かなり前に気になっていた本。実はWebookというもの凄い量の本を読んでいる方の書評を見て、読もうとおもっていて、かなり長い間 そのままになってしまっていた。

花屋をまかされる事になった女性が主人公なのだが……この本のメインストーリーは、あちこちに既に書いてあるので、ここで私が書くまでもないでしょう。自己暗示をかけるような様々な新しい生活習慣をしてみる、それで……というシンデレラ風な物語。

実は、私は何かビジネス的な収穫が得られることを期待していたのですが、読んでいて、先日書いた「白いネコはなにをくれた?」と似た部分を感じて、ビジネス系の収穫は諦めた。つまり、そういったビジネス戦略だとかそういったものとは違うという事です。


しかしながら、ちょっと元気になる言葉が色々とありました。
何もしなければ、なにも変わらない。
なにかアクションを起こした人にだけ、変化が訪れる。

そう、「今日がつまらなければ明日もつまらない」、だから何かの変化のアクションをしていくというものだ。基本コンセプトは、先の「白いネコは何をくれた?」と似ている部分がある。さらによみすすめていると、意外と脳科学と関連性があるのか?と思えてきた。

この本の前半は(先に書いた)シンデレラ的ストーリーなのだが、後半がその内容の解説編である。
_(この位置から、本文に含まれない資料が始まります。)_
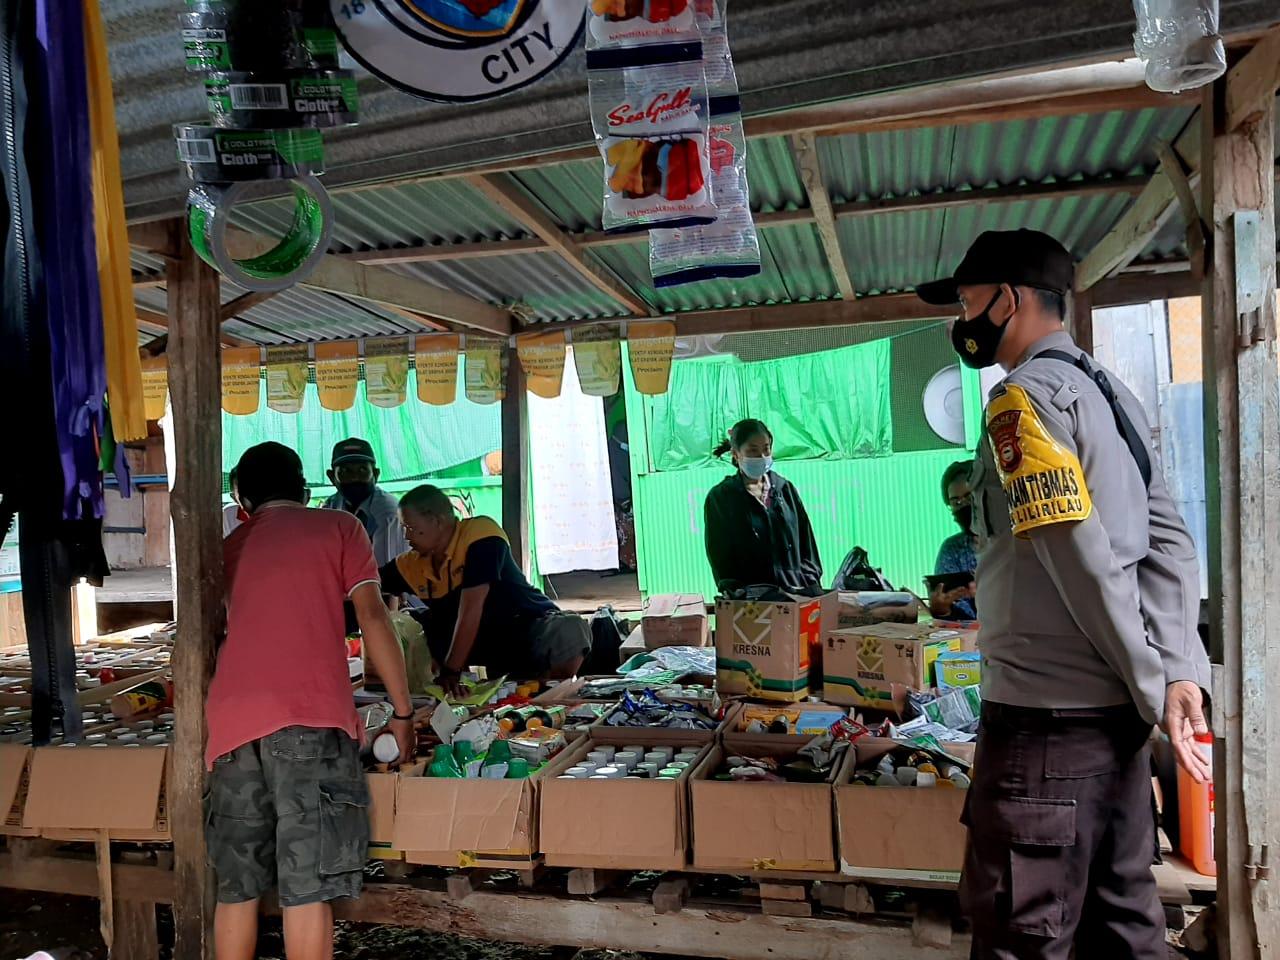 Bhabinkamtibmas Polsek Lilirilau Polres Soppeng Giat Pengamanan Pasar Pallapaoe

その解説は、ある程度科学的な感じのする解説だった。単なるシンデレラ的な中身ばかりでなかった。

古い脳(自律神経系)は、想像と現実の区別がつかない。その古い脳に働きかける一番効果的なことが、割と単純な「言葉の魔法」なのだ。といっても内容は単なる「口ぐせ」みたいなものだ。
それと印象的な言葉がもう1つ。
夢は"映像"でイメージする
自分の夢や目標は具体的な映像が描けるほどに具体的に考えることが必要。そのイメージに向けて努力していくということでしょう。この2つの点はとても印象的でした。

サブタイトルには「アメリカ大富豪に伝わるお金持ちになる魔法」とあります。この「古い脳への働きかけ」と「夢は映像でイメージする」はそのキーファクターかも知れません。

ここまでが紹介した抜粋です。